Input =
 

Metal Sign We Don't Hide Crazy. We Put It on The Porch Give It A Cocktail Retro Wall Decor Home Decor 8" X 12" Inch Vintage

==

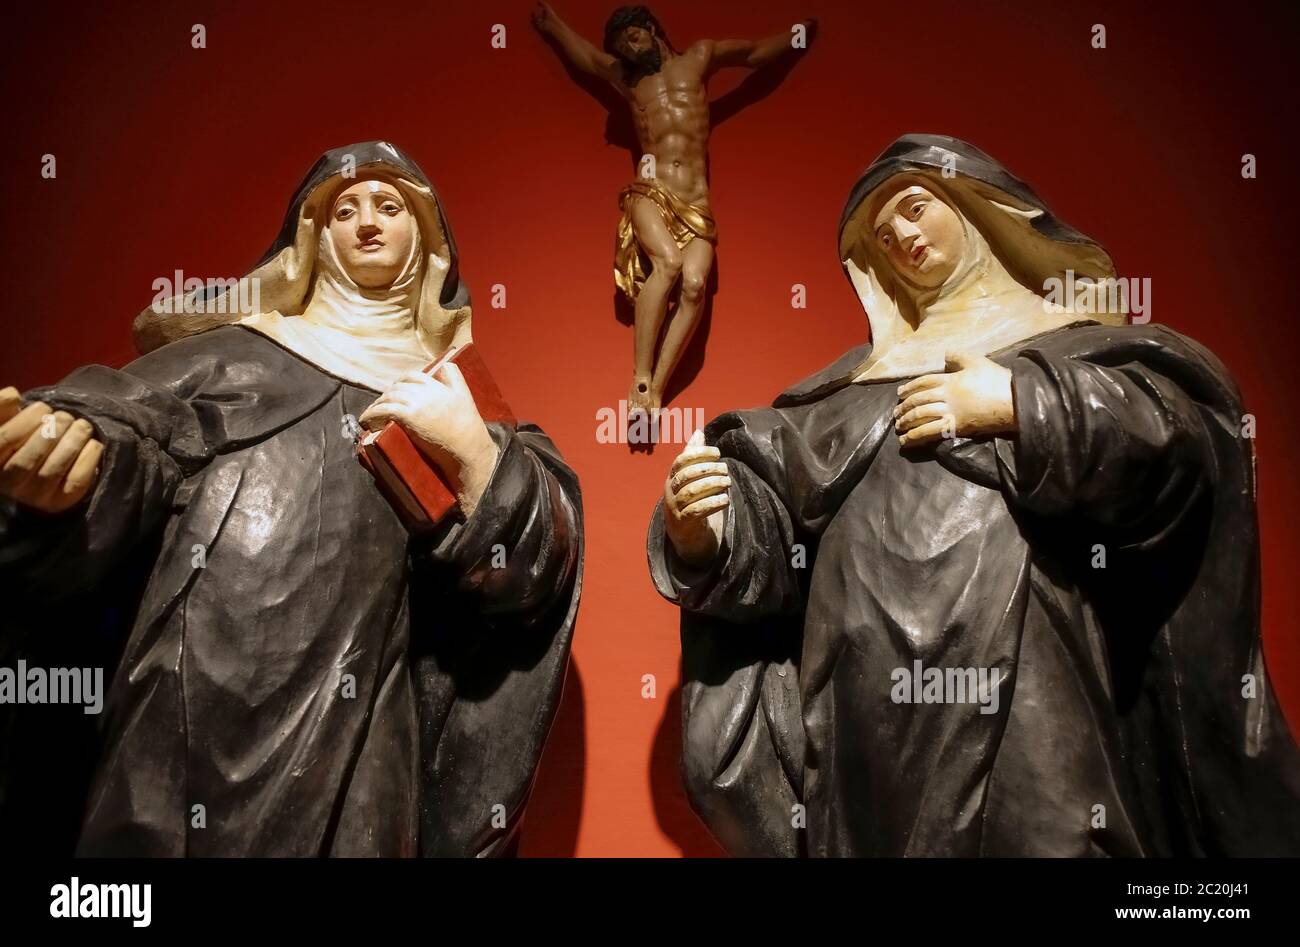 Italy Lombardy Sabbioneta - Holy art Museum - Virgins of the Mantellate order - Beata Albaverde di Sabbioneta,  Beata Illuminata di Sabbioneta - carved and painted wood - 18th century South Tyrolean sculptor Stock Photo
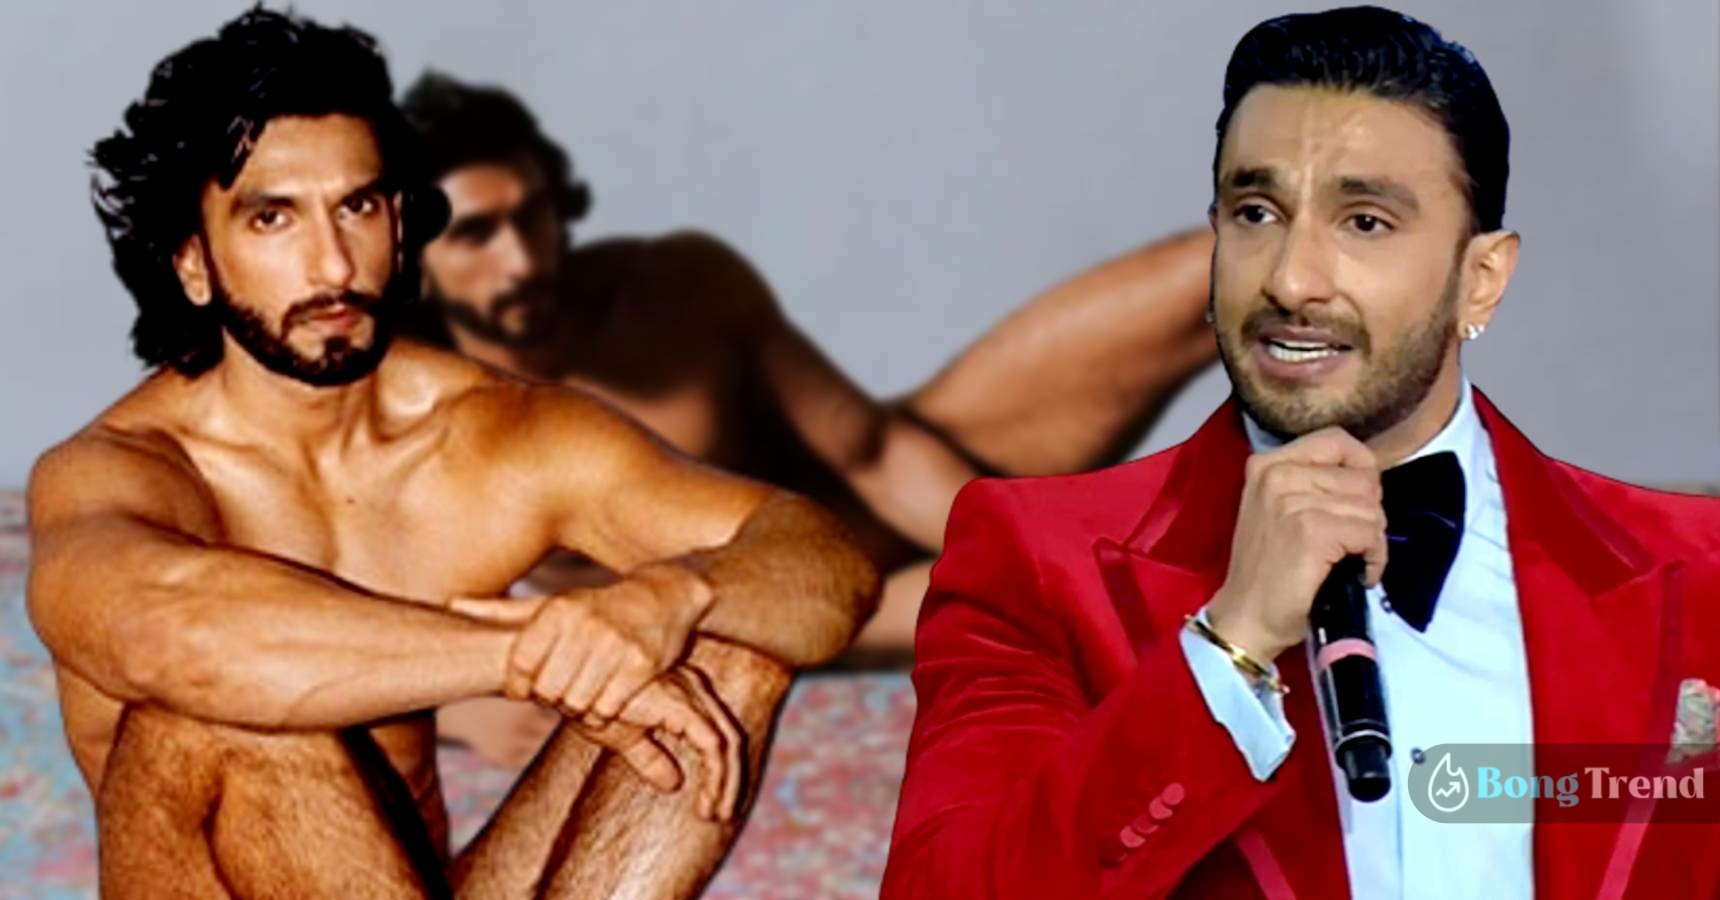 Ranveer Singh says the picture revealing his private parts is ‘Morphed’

==

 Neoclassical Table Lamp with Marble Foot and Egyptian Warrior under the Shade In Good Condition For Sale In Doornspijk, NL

Exercise description = From the data above, retype only the lines starting with the line with "Italy Lombardy Sabbioneta" and going on through the line with "Ranveer Singh says", exactly, leaving out the pictures.

Exercise response =
 Italy Lombardy Sabbioneta - Holy art Museum - Virgins of the Mantellate order - Beata Albaverde di Sabbioneta,  Beata Illuminata di Sabbioneta - carved and painted wood - 18th century South Tyrolean sculptor Stock Photo
 Ranveer Singh says the picture revealing his private parts is ‘Morphed’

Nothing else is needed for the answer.